In the latest sign of trouble in the planet's chemistry, the number of oxygen-starved "dead zones" in coastal waters around the world has roughly doubled every decade since the 1960s, killing fish, crustaceans and massive amounts of marine life at the base of the food chain, according to a study released today.

"These zones are popping up all over," said Robert Diaz, a professor at the Virginia Institute of Marine Science who led of the study published online by the journal Science.

Diaz and co-author Rutger Rosenberg of the University of Gothenburg in Sweden counted more than 400 dead zones globally, ranging from massive ones in the Baltic Sea and the Gulf of Mexico to small ones that episodically appear in river estuaries.
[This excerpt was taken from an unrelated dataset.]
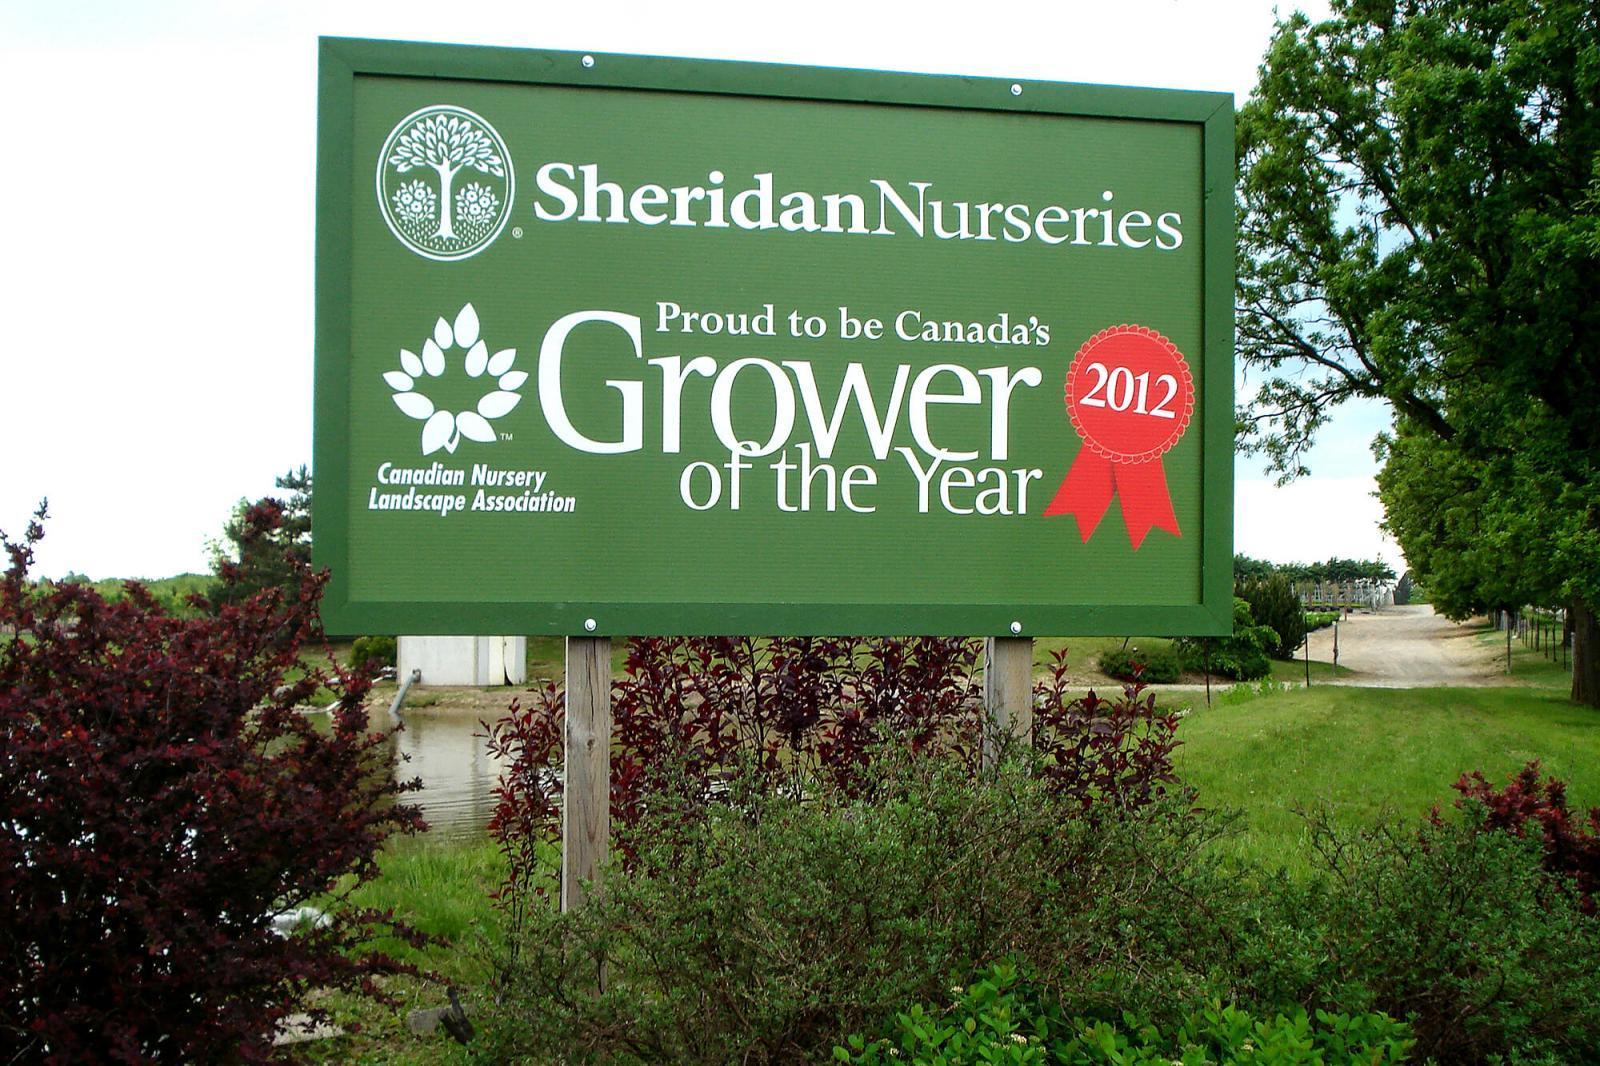 Sheridan leverages its award

The amount of "biomass" that is missing because of low oxygen levels in the Chesapeake Bay would be enough to feed half the commercial crab harvest for a year, Diaz estimated.

Low oxygen, known as hypoxia, is a significant measure of the downstream effect of chemical fertilizers used in agriculture. Air pollution is another factor. The nitrogen from the fertilizer or pollution feeds the growth of algae in coastal waters, particularly during summer. The algae eventually dies and sinks to the bottom, where the organic matter decays in a process that robs the bottom waters of oxygen.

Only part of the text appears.